Wadhwa Pankaj, Jain Priti, Jadhav Hemant R
Department of Pharmacy, Birla Institute of Technology and Science Pilani, Pilani Campus, Pilani- 333031, Rajasthan, India.
Curr Top Med Chem. 2020;20(17):1522-1534. doi: 10.2174/1568026620666200516153136.
Glycogen Synthase Kinase 3 (GSK3) is one of the Serine/Threonine protein kinases, which has gained a lot of attention for its role in a variety of pathways. It has two isoforms, GSK3α and GSK3β. However, GSK3β is highly expressed in different areas of the brain and has been implicated in Alzheimer's disease as it is involved in tau phosphorylation. Due to its high specificity concerning substrate recognition, GSK3 has been considered as an important target. In the last decade, several GSK3 inhibitors have been reported and two molecules are in clinical trials. This review collates the information published in the last decade about the role of GSK3 in Alzheimer's disease and progress in the development of its inhibitors. Using this collated information, medicinal chemists can strategize and design novel GSK3 inhibitors that could be useful in the treatment of Alzheimer's disease.
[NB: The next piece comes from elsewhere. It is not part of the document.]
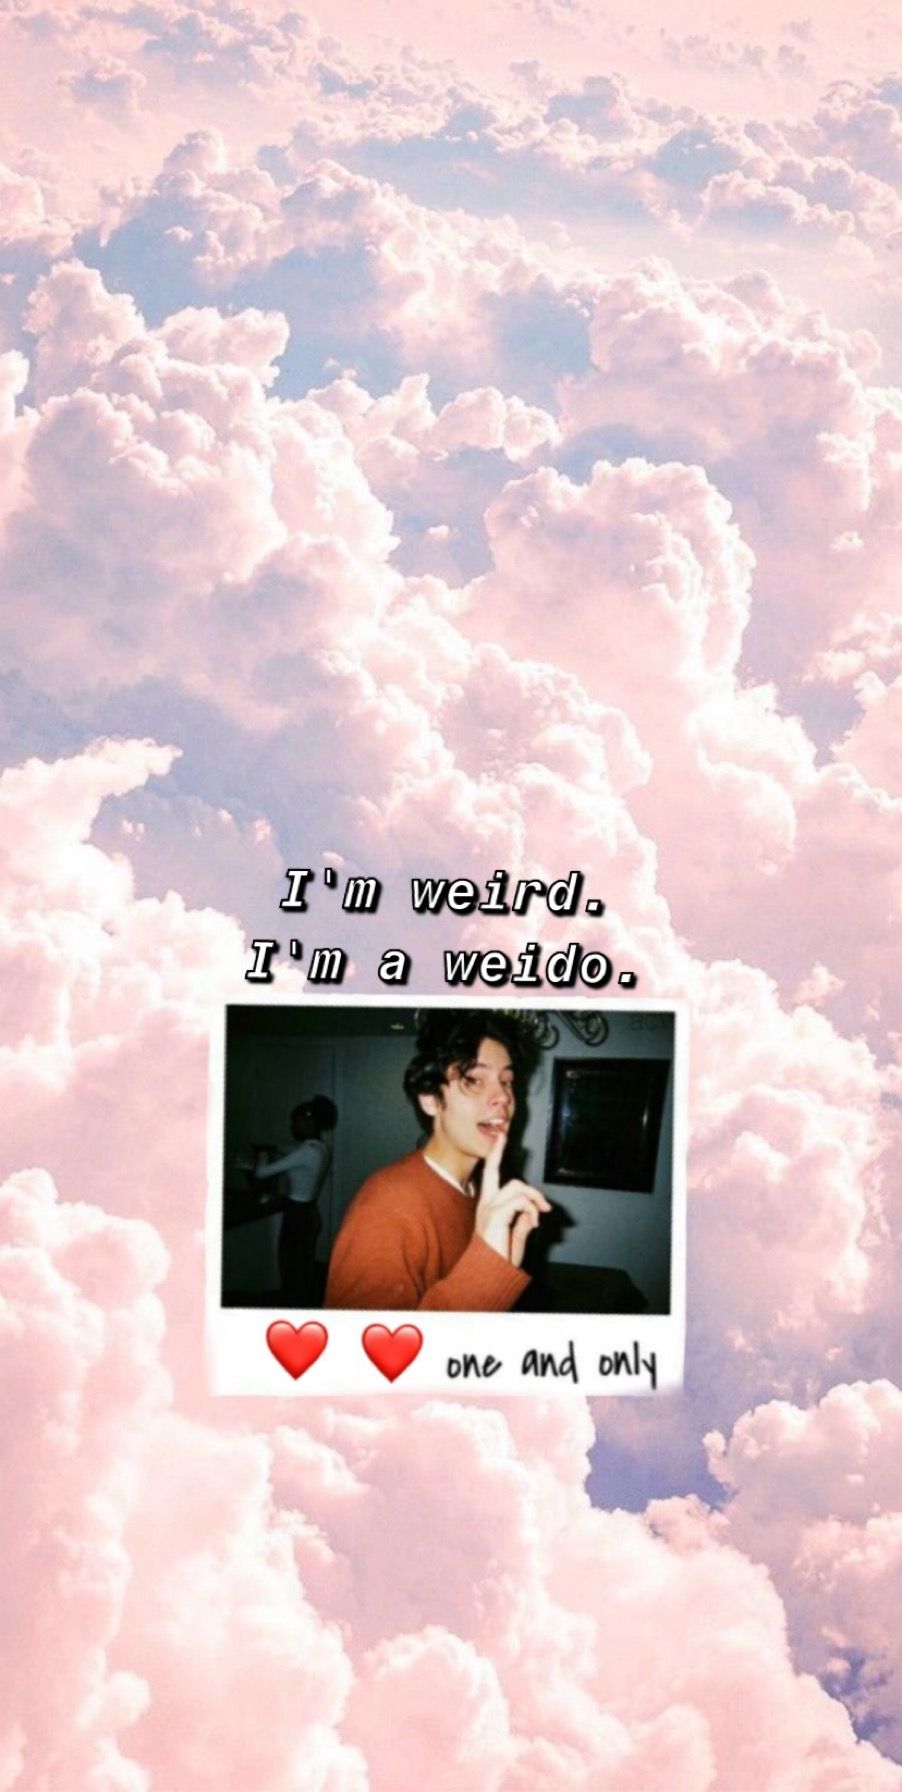 aesthetic #wallpaper #colesprouse #riverdale #pink #weirdo. Riverdale aesthetic, Cole sprouse wallpaper, Riverdale poster

糖原合酶激酶3(GSK3)是丝氨酸/苏氨酸蛋白激酶之一,因其在多种信号通路中的作用而备受关注。它有两种亚型,即GSK3α和GSK3β。然而,GSK3β在大脑的不同区域高度表达,并且由于其参与tau蛋白磷酸化而与阿尔茨海默病有关。由于其在底物识别方面具有高度特异性,GSK3被认为是一个重要的靶点。在过去十年中,已经报道了几种GSK3抑制剂,并且有两种分子正在进行临床试验。这篇综述整理了过去十年中发表的关于GSK3在阿尔茨海默病中的作用及其抑制剂开发进展的信息。利用这些整理好的信息,药物化学家可以制定策略并设计出可能对治疗阿尔茨海默病有用的新型GSK3抑制剂。